I stare back at myself in the reflection of the window, tucking a stray thread out of sight.
This is the first job I've ever applied for, and it shows. I've managed to pull what appears to be a formal outfit from the depths of my closet, having struggled earlier to pull my thick hair into a tidy enough bun. Today could be the day I finally gain financial independence. No longer will I have to rely on anyone other than myself.
Through the window, I meet the silvery eyes of the shop's owner, who smiles warmly, motioning for me to come inside.
The bell jingles above me as I step inside, greeted by the scent of old books and lavender incense. My friend comes around the counter, tugging his apron off and he looks me over, noting my choice in formal-wear for this interview.
"You don't have to do this, you know," he reminds me, leaning against the counter, crossing his arms over his chest. Leven and I have been friends for as long as I can remember, and as soon as I could, I worked at his family's bookstore. For so long I've owed him everything, and now I'm going to apply at a local mental institution in hopes to start a real career.
"Working for you is nice, but I need my own job," I remind him, watching him tilt his head, thick golden waves brushing against his brows.
"That's the thing, you don't," he comments, raising a light eyebrow. "I can look after you."
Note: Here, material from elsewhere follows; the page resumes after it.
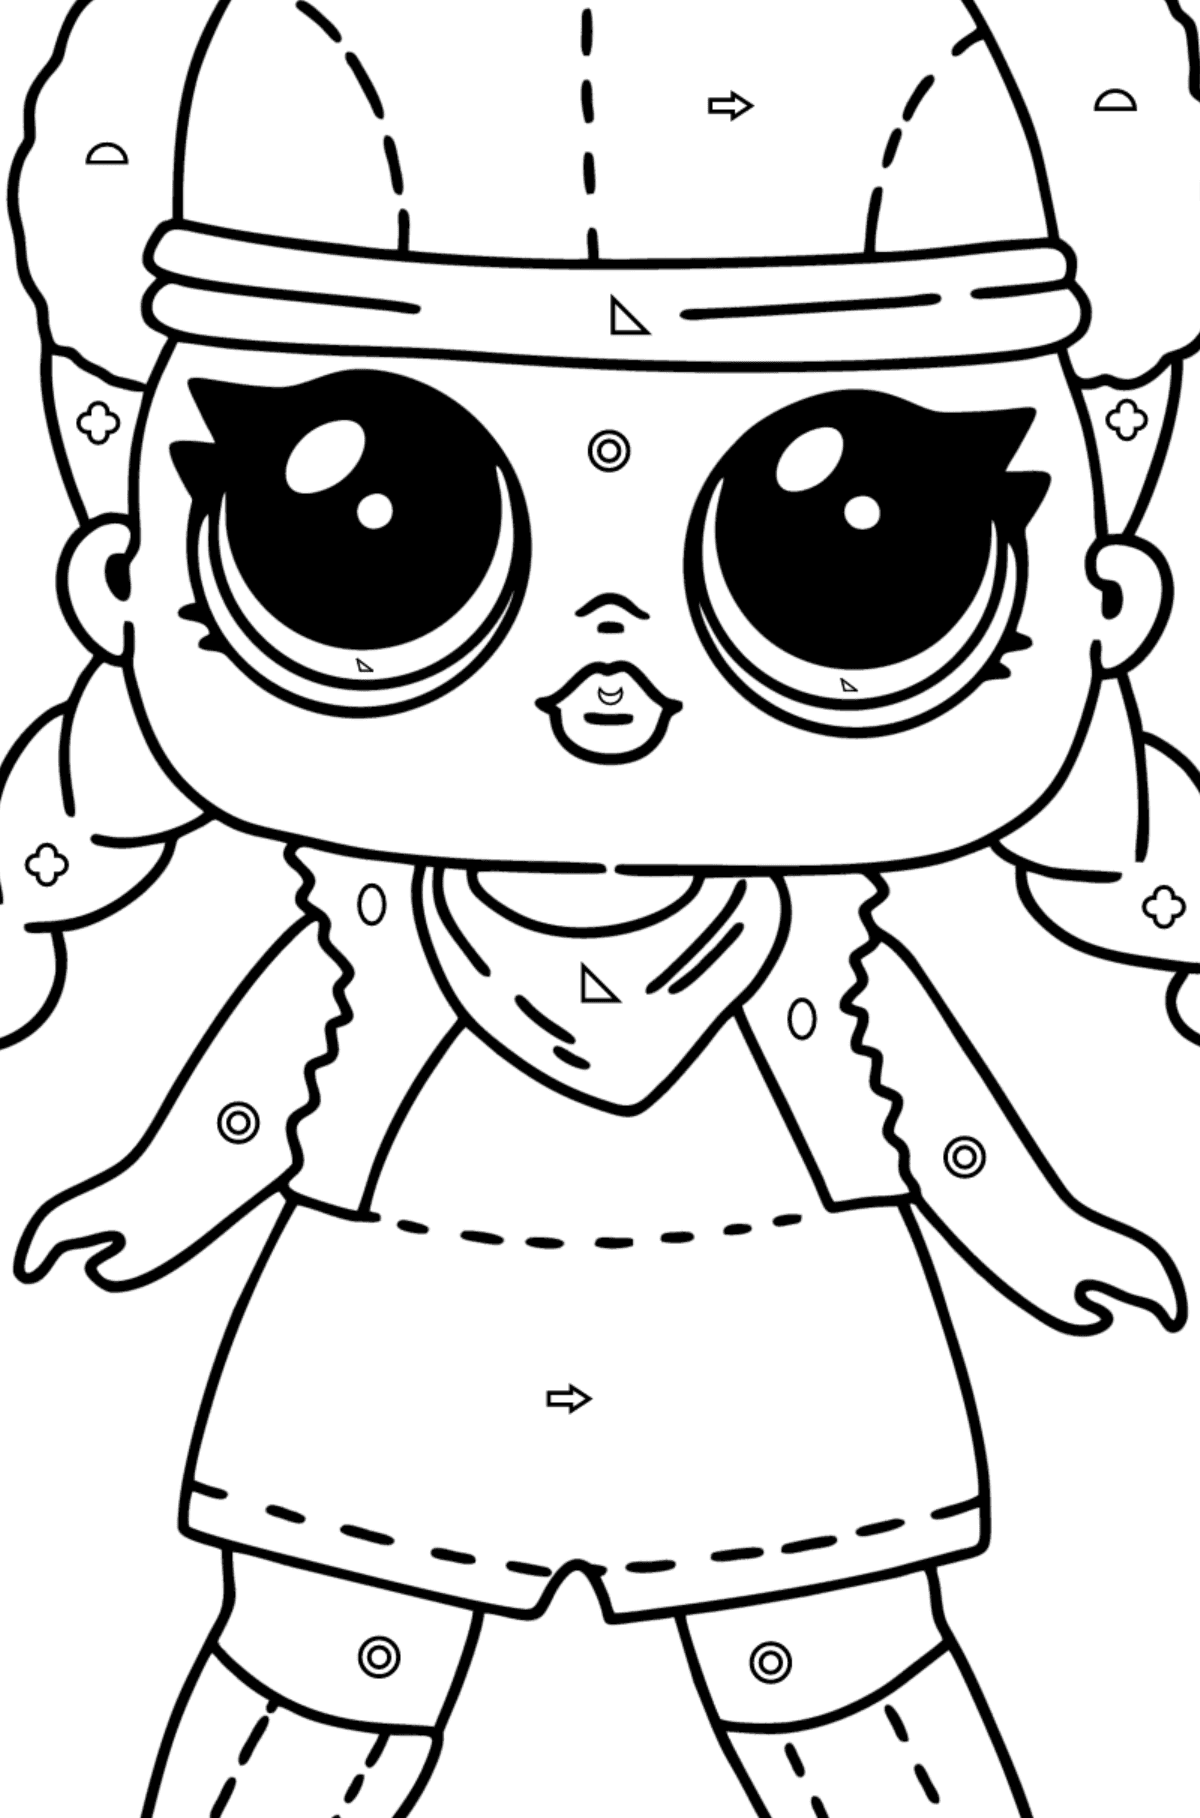 LOL Surprise Brrr B.B. coloring page - Coloring by Geometric Shapes for Kids

I narrow my eyes at him playfully, picking a random book off the shelf before flipping through it. I knew that stopping in here from the small apartment Lev and I share before heading off to my interview would be a mistake. Since last night when I announced it to him he has been trying to talk me out of it. If he had his way, I would be working at the bookstore forever.
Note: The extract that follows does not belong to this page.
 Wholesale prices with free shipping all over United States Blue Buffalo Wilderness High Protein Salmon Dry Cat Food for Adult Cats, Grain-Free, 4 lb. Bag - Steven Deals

"You're my friend, Lev. I'm not going to do that to you," I tell him firmly, falling back onto the plush couch that is a part of the designated reading area.
He joins me, knowing there aren't any customers in the store to watch on. "But I want to look after you. Working in a prison doesn't suit you."
"It's a care facility for people who have been through a lot more than you and me," I remind him. My research has proven that most of the patients there have magic related injuries that have rendered them unable to participate in our society here in the Harmony Pack. Here, society demands perfection, and if you're not close enough to that, you're thrown into a place like where I will now find myself working.
"If you don't get the job, the position is still open for you at my shop," Lev offers, that grin he offers me so characteristically him it warms me from the inside. I sometimes forget he has no officially inherited this store from his parents.
I used to have the biggest crush on Lev when we were younger, but once we came out of school and have been living together as friends, I've decided it needs to remain platonic.
"I appreciate you. I'll let you know how it goes," I promise, standing up to give him a hug before quickly pushing through the bookstore door, dodging customers as they breeze.
Lev casts one more look toward me. If he wanted to say anymore to me, he decides against it.